This Masters offers a comprehensive overview of the evolution of Christian thought and practice over two millennia and explores the general principles necessary for understanding the history of the Christian Church, and their application, with particular reference to Britain and Ireland.

Students will be introduced to the practice of writing church history, a critical approach to primary source documents, and the use of historical archives. There are also modules on the literary and theological culture of early medieval Ireland, the writing of Church History from the Reformation to the present day, and the Renewal of Theology in the 20th century.

This course consists of eight modules delivered over four semesters (two academic years) and the submission of a thesis of 15,000 words on an agreed topic. Modules are delivered on Wednesday evenings.

In the first year, candidates take the following modules: History of Christian Thought (10 credits); Research Methodologies & Reading and Interpreting Primary Source Texts I (5 credits); "Isle of Saints and Scholars"? The Literary Culture of Early Medieval Ireland (10 credits); and History of Christian Practice: Medieval to Modern (5 credits).

In the second year candidates take: Theology and Renewal in the Twentieth Century (10 credits); Research Methodologies & Reading and Interpreting Primary Source Texts II (5 credits); The Writing of Church History from the Reformation to the 20th century (10 credits); and History of Christian Practice: Medieval Ireland (5 credits).

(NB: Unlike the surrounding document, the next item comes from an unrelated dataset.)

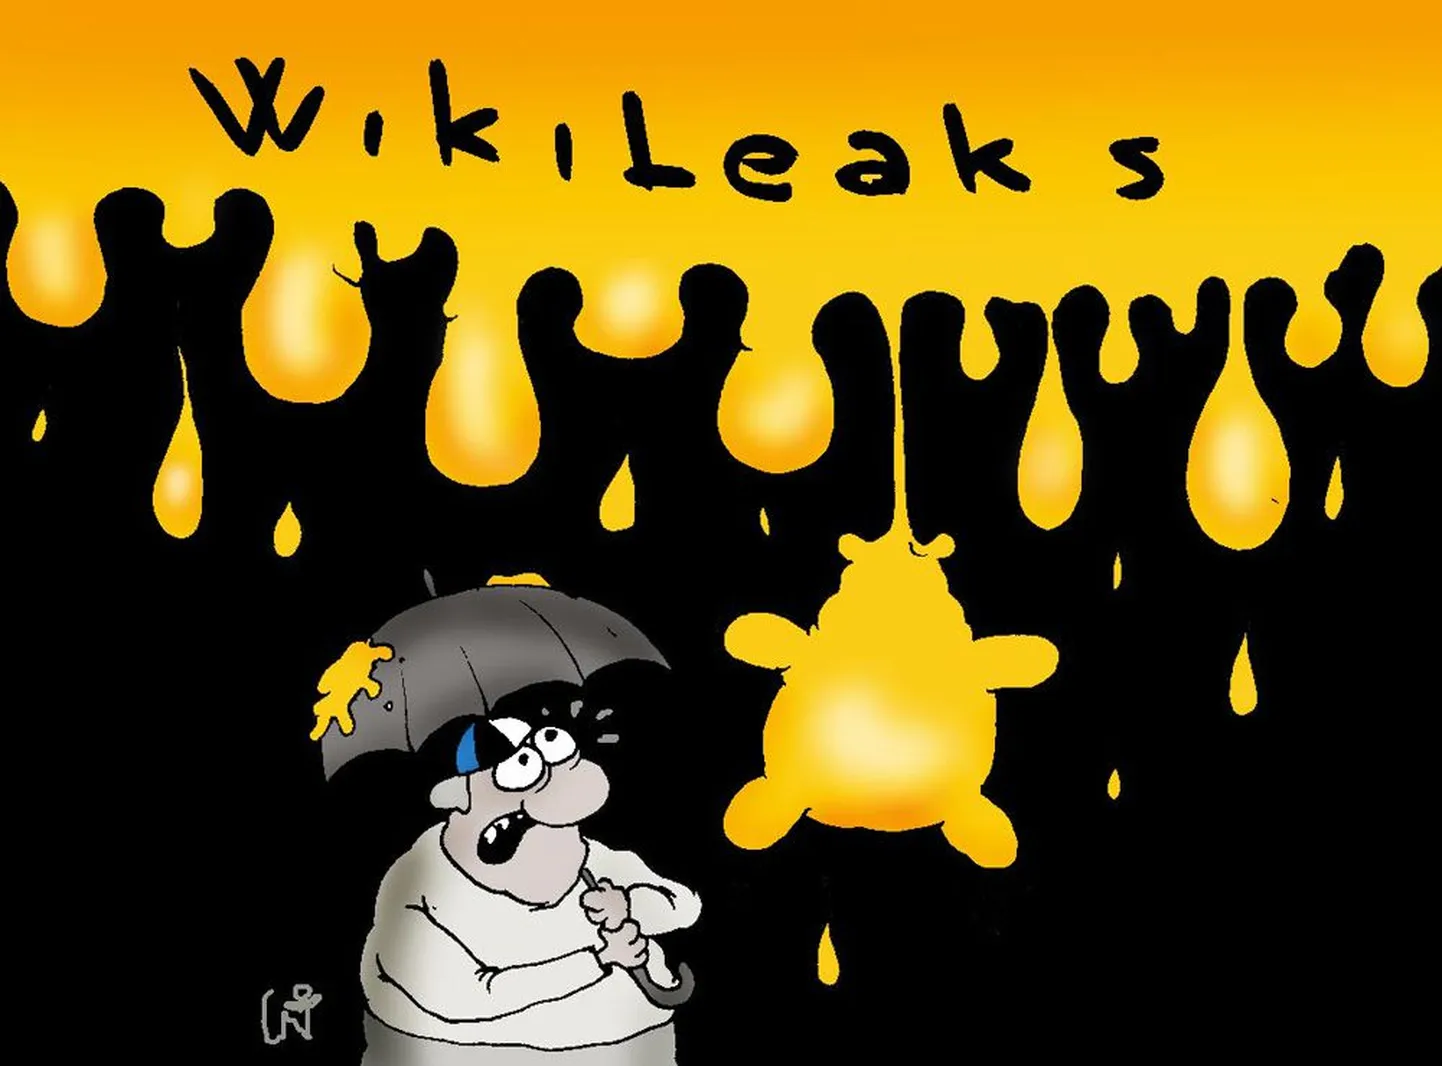 Карикатура Postimees на тему утечки данных, опубликованных WikiLeaks.

During this course, students will have the opportunity to visit, view and research relevant texts from the rich and unique collections of holdings housed in the John Paul II and Russell Libraries on campus, some of which date from as early as the eleventh century. These collections will form an integrated element in most of the taught modules, affording students ample opportunity to explore potentially rich areas for original research in their end-of-year dissertations. This Masters explores the general principles necessary for understanding the history of the Christian Church (first semester) and their application in the context of Britain and Ireland (second semester). It offers a comprehensive critical overview of the evolution of Christian thought and practice over two millennia.

Entry requirements

Applicants should normally possess a recognized primary degree in Theology or a related discipline (for example, History) and have obtained at least a Second Class Honours, Grade I. In exceptional cases, applicants who can satisfactorily demonstrate a long-standing interest in the subject, coupled with proven relevant experience, will also be considered. An interview will form part of the selection procedure. Students whose first language is not English will be required to satisfy the relevant English language requirements.

Duration

2 years part-time
Lectures: Wednesday evenings, 6.00pm -9.00pm

Careers or further progression

Master's Degree in Theology (specialisation in the History of Christianity) A Masters course such as this one is chosen for a variety of reasons by students: for some, it arises out of a passion for the subject itself (sometimes a person has had a life-long interest in the area and only now has acquired the time and leisure to formalise this in an academic course of study).

Others regard it as offering a range of transferable skills which are highly valued in the marketplace: skills such as the ability to research and present one's findings in a clear, concise and professional manner; the development of one's critical thinking and analytical skills; organisational skills such as those which are required when dealing with large amounts of data across a range of sources. These are skills which serve a student well in applying for a range of positions including professions such as the civil service, journalism and the media, the teaching profession, adult education, and across the social sciences.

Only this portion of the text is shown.